Astakira Desak Pemerintah Pulangkan Alis

Astakira Desak Pemerintah Pulangkan Alis
MENUNJUKKAN: Keluarga menunjukkan foto Alis Juariah (46) Pekerja Migran Indonesia (PMI) asal Cianjur yang 21 tahun tak jelas kabar di Arab Saudi. (FOTO: IKBAL SELAMET/CIANJUR EKSPRES)
0 Komentar

CIANJUR – DPC Asosiasi Tenaga Kerja Indonesia Raya (Astakira) Pembaharuan Kabupaten Cianjur terus mendorong Pemerintah RI untuk memulangkan Alis Juariah (46) Pekerja Migran Indonesia (PMI) asal Cianjur yang 21 tahun tak jelas kabar di Arab Saudi.
“Bahkan kalau perlu kami akan bersurat ke Presiden RI, Joko Widodo agar ada perhatian langsung dalam pemulangan Alis,” ungkap Ketua DPC Astakira Kabupaten Cianjur, Ali Hildan kepada Cianjur Ekspres, Selasa (13/8).

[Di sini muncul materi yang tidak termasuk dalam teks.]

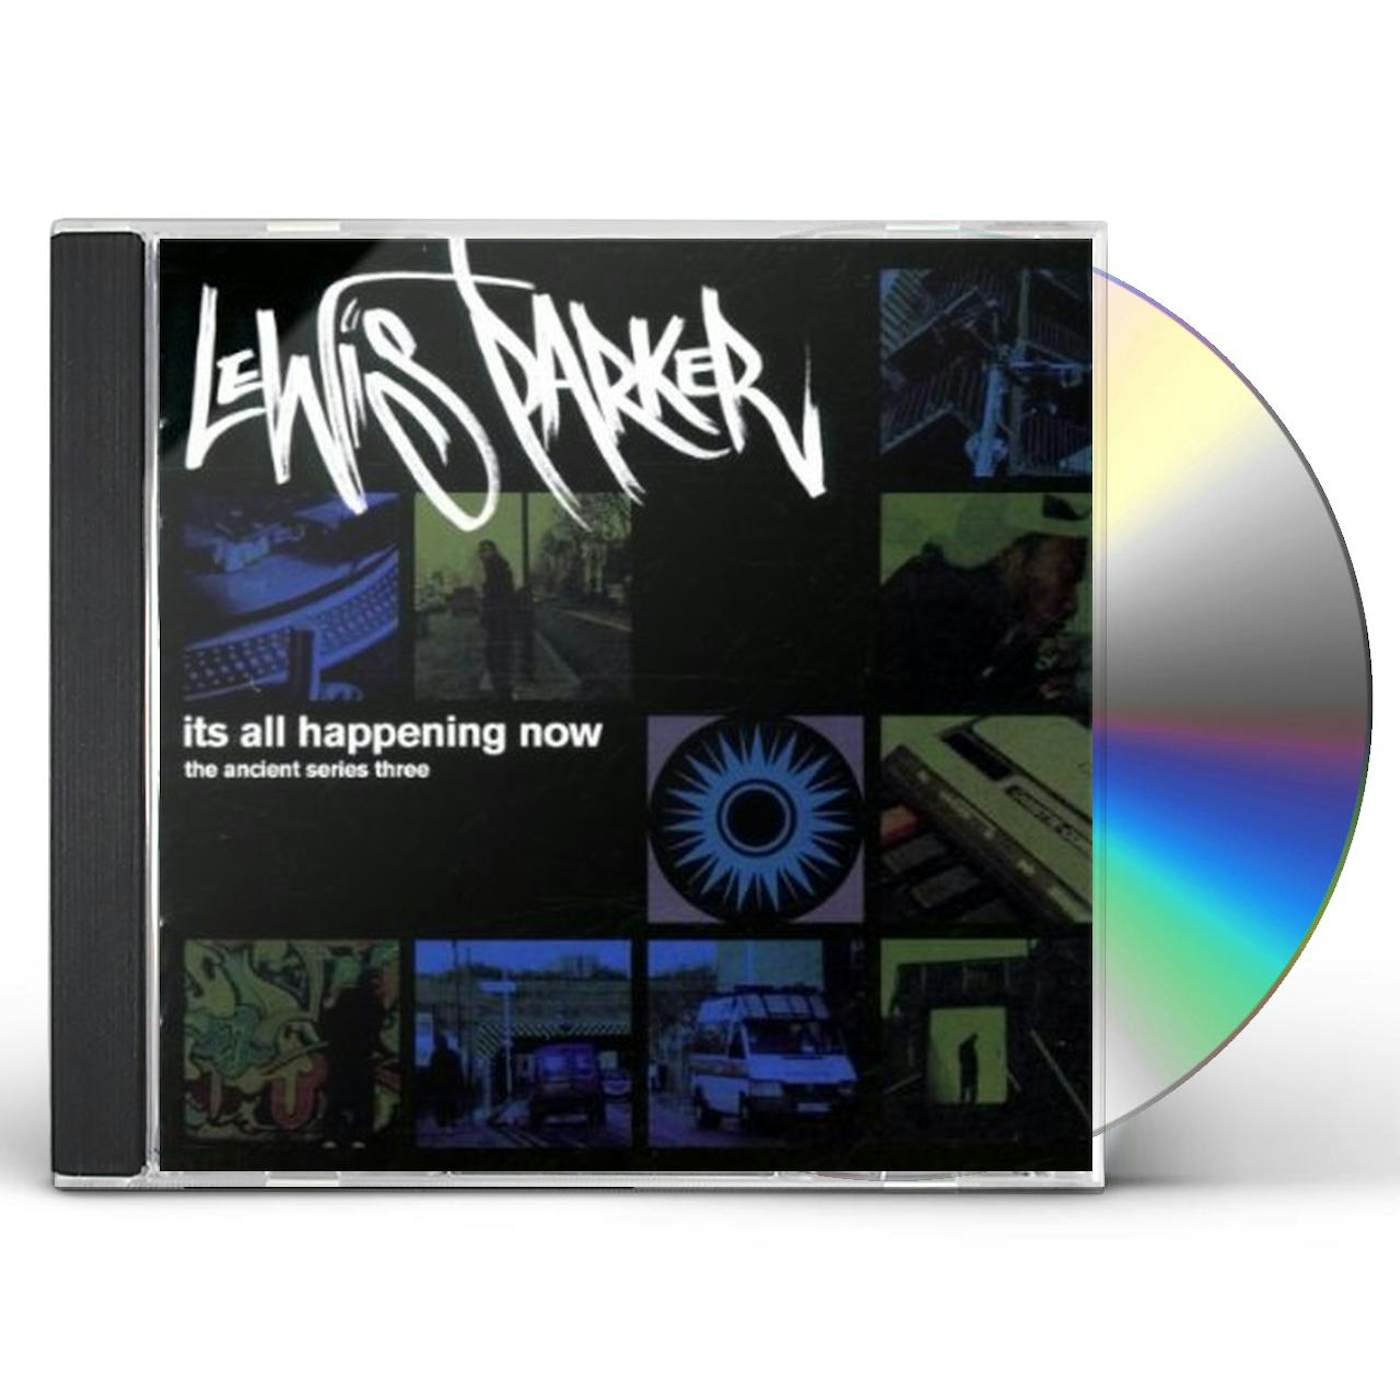 Lewis Parker ITS ALL HAPPENING NOW CD

Menurutnya, kepulangan Alis sangat ditunggu oleh anak dan sanak saudaranya. Mengingat PMI asal Kampung Muhara RT 01/10, Desa Haurwangi Kecamatan Haurwangi tersebut sempat hilang kontak selama 21 tahun, tepatnya sejak berangkat bekerja ke Arab Saudi pada 1998.
Namun, lanjut dia, pada awal Agustus 2019, pihak keluarga berhasil mendapatkan kontak majikan dari Alis. Bahkan Astakira sempat menghubungi majikan Alis dan menanyakan kabar ibu dari satu orang anak tersebut.
“Pada 3 Agustus lalu, ada seseorang yang datang ke keluarga Alis. Katanya dia suami dari teman Alis yang sempat bekerja di majikan yang sama. Dia memberikan nomor kontak, karena dari istrinya diminta untuk segera menemui keluarga temannya tersebut. Katanya kepada temannya itu Alis juga meminta dikabarkan kepada keluarganya jika dirinya ingin pulang ke kampung halamannya,” ucap Ali.
Dia menjelaskan, setelah menghubungi majikan dari Alis, disebutkan jika PMI tersebut dalam keadaan baik-baik saja. Tetapi hal itu bertolak belakang dengan surat yang diterima keluarga dan kabar dari temannya yang sempat bekerja di majikan yang sama.
Bahkan, Ali juga beberapa waktu lalu menghubungi sejumlah pihak yang menjadi kepanjangan tangan dari pemerintah untuk pengurusan PMI, dan mereka mengklaim jika Alis tidak ingin pulang.
“Tentu karena bertolak belakang kami tidak bisa percaya begitu saja. Apalagi ada surat yang datang menjelaskan kondisi Alis memprihatinkan, mulai dari mendapatkan perlakuan kasar, apalagi dia bekerja di sana selama 21 tahun, sangat melebihi batas waktu yang normal untuk seorang PMI,” kata dia.
Ali juga menduga, Alis tidak mendapatkan upah dan haknya selama lebih dari 19 tahun. Mengingat keluarga hanya pernah menerima kiriman uang setelah Alis bekerja dua tahun, dan selanjutnya tidak pernah ada kiriman ataupun kabar.